Сборник
Шрифт:
– Я вспомнила что-то в этом роде, - сказала она.
– Когда я в средней школе... там создавали искусственные молнии с помощью... сейчас, сейчас... да, там была длинная лента, вращающаяся на валах, небольшие проводки, вызывающие трение, и вверху большой медный шар.
– Генератор Ван де Граафа.
– Верно. И с ним делали разные штуки. Помню, как я стояла на доске на миске вроде вашей, а они заряжали меня с помощью генератора. Я не испытывала ничего особенного, вот только все волосы на голове встали дыбом. Весь класс катался от смеха, а я выглядела как пугало. Потом мне сказали, что там было 40000
– Отлично. Очень рад, что вы это помните. Здесь будет небольшое отличие - еще на 40000 вольт.
– О!
– Не беспокойтесь. Пока вы изолированы и все заземленные или относительно заземленные объекты - вроде меня - остаются на достаточном расстоянии от вас, никаких фейерверков не будет.
– Вы используете такой же генератор?
– Нет, не такой... Кстати, это уже сделано. Этот генератор - вы.
– Я... Ой!
– Она подняла руку, лежащую на мягком подлокотнике, и вдруг - треск разряда и легкий запах озона.
– Да, вы, и даже больше, чем я ожидал, к тому же - быстрее. Пожалуйста, встаньте.

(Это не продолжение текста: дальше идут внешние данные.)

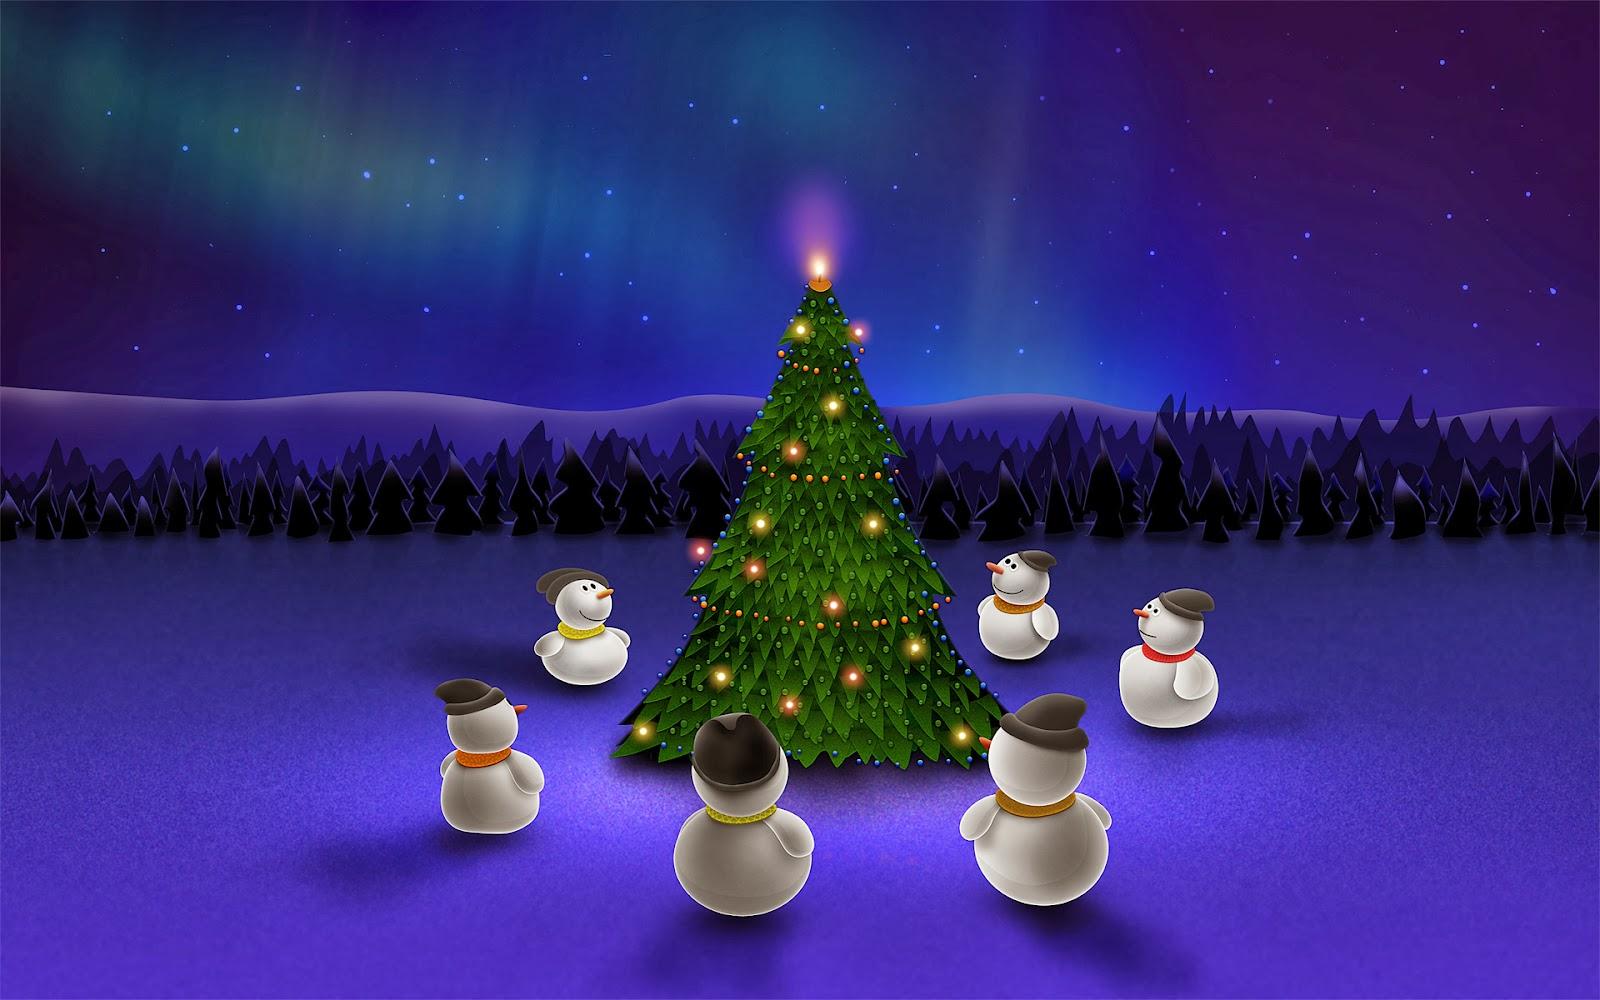 Fondos Navidad Animados: Fondo De Pantalla Navidad Muñecos De Nieve Alrededor De Abeto

Она начала медленно вставать, но закончила это действие с большой стремительностью. Когда ее тело оторвалось от кресла, его на долю секунды обвила сеть шипящих голубовато-белых нитей. Они или она сама толкнули ее на полтора ярда вперед. Потрясенная, почти лишившаяся сознания, девушка едва не упала.
– Держитесь лучше, - резко сказал он, и она пришла в себя, хватая ртом воздух. Мужчина отступил на шаг.
– Становитесь на доску. Быстрее.
Девушка повиновалась и сделала два шага, оставив два маленьких огненных следа. Ступив на фанеру, она покачнулась, волосы ее зашевелились.
– Что со мной происходит?
– крикнула она.
– Все в порядке, - успокоил он ее.
Подойдя к столу, мужчина включил акустический генератор, который низко завыл в интервале 100-300 Гц. Мужчина увеличил силу звука и повернул регулятор высоты тона. Когда вой стал более высоким, ее золотисто-рыжие волосы начали извиваться, каждый волосок стремился отделиться от остальных. Звук усилился до 10 КГц, потом перешел в неслышимые, вибрирующие в желудке 11 КГц. В крайних точках волосы опускались, а около 110 КГц становились торчком, точь-в-точь как у пугала.
Установив звук на более-менее приемлемом уровне, мужчина взял электроскоп и, улыбаясь, подошел к девушке.
– Вы сейчас электроскоп, вы знаете об этом? А еще живой генератор Ван де Граафа. И, конечно, пугало.
– Можно мне сойти отсюда?
– выдавала она.
– Еще не сейчас. Не двигайтесь. Разница потенциалов между вами и другими предметами настолько велика, что, окажись вы вблизи чего-нибудь, произойдет разряд. Вам это не повредит, поскольку это не электрический ток, но может обжечь и доставить нервное потрясение.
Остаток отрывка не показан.